Browsing Homilies

The Feast of the Holy Family of Jesus, Mary, and Joseph

27 December 2020

Sir 3:2-6, 12-14 | Ps 128 | Col 3:12-17 | Lk 2:22-40

Today’s feasts is one of those that originated from the ground up, and it was a popular devotion long before it was a part of the official church calendar.

It wasn’t until 1921, that Pope Benedict XV, alarmed by the increasing threat to the family unit, declared this feast a church-wide observance.

Even in the ‘20s there was a growing concern about the breakdown of the family, as industrialization gradually replaced the life of the family farm and Mom-and-Pop stores.

Big families were less practical and younger members moved away from their childhood homes, leaving their elders behind.

Let’s fast-forward a century: now, all too many children are necessarily placed in the care of strangers while both parents work and distant grandparents grow old with empty arms and laps.

Families are struggling with re-definition (which isn’t all bad, but can be all the more challenging) and even reasons to exist.

A 30-something friend of mine said he was trying to think of good reasons to have kids. He thought he wanted to be a dad, but it’s not like he needed kids to help work the farm. “Kids are expensive,” he’d say. “And they take so much time.”

He then asked if I knew of any logical rationale to support the idea of having kids?

I knew quoting church teaching on the sacrament of marriage wasn’t going to satisfy this guy, so I was kind of forced to ponder the wisdom behind the teaching.

Here’s what I ended up telling him: It is the nature of all love to be generative — which means love is supposed to create, or build, or transform.

Most married couples express that love by creating new life with their spouse. Some couples choose to adopt or foster children who need a temporary home. Others direct their passion to projects, or a mission, or creating a hospitable home in which they open to others.

However it’s expressed, love cannot simply feed on itself. It must create. It must be shared. If we cannot understand that love is not so much a “feeling” but a “doing,” the family will be capsized by the first threatening storm that comes along.

And if any family was ever threatened, it was the Holy Family of Jesus, Mary, and Joseph. We know, they themselves became refugees, forced to flee a cruel government and certain death.

In a culture where the extended family was everything for them, these three people, united by God, their love, and their common purpose, struck out on their own into a land of strangers and strange ways.

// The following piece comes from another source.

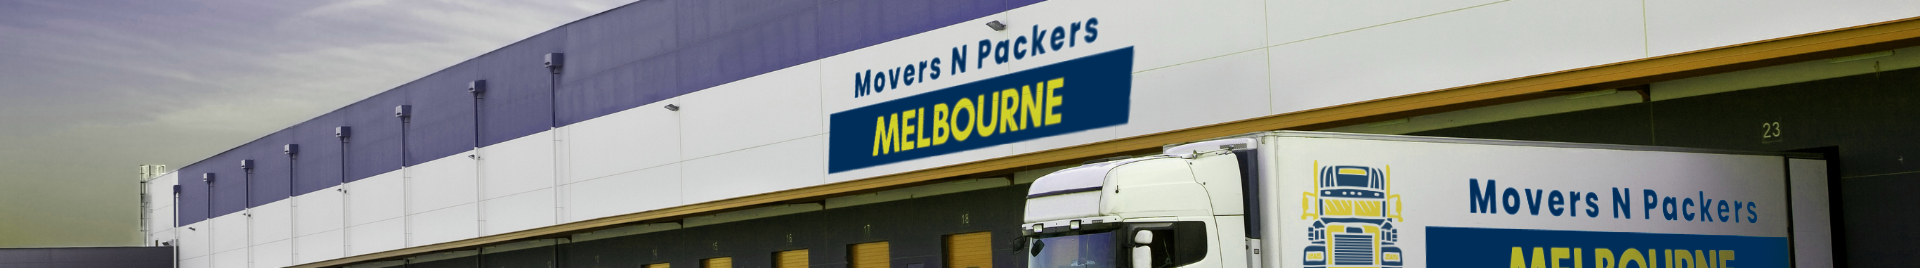 Movers N Packers Melbournes profilbanner

Think of our world today and how many people are forced to become refugees and displaced persons within their own countries due to war, threats of violence, poverty, and natural disasters.

Perhaps all of us who have heard today’s Gospel should consider adopting the mission statement of the U.S. Bishops’ Committee on Migration, when they state: “We need to create a world where immigrants, refugees, migrants, and people on the move are treated with dignity, respect, a welcoming, and a belonging.”

This is a most worthy purpose in life, and one homily cannot begin to unpack the necessary reform regarding immigration, but each one of us can start by making our homes a haven of hospitality; our parishes, workplaces, and schools places where discrimination is non-existent; and our pew (or chair in a banquet center) a seat where the stranger always feels welcome.

Not only is it what Jesus would do, but Jesus, and his mother, and Joseph experienced life on the receiving-end of another nation’s, another culture’s, hospitality.

May it be our prayer and our intention to always model and exercise the same.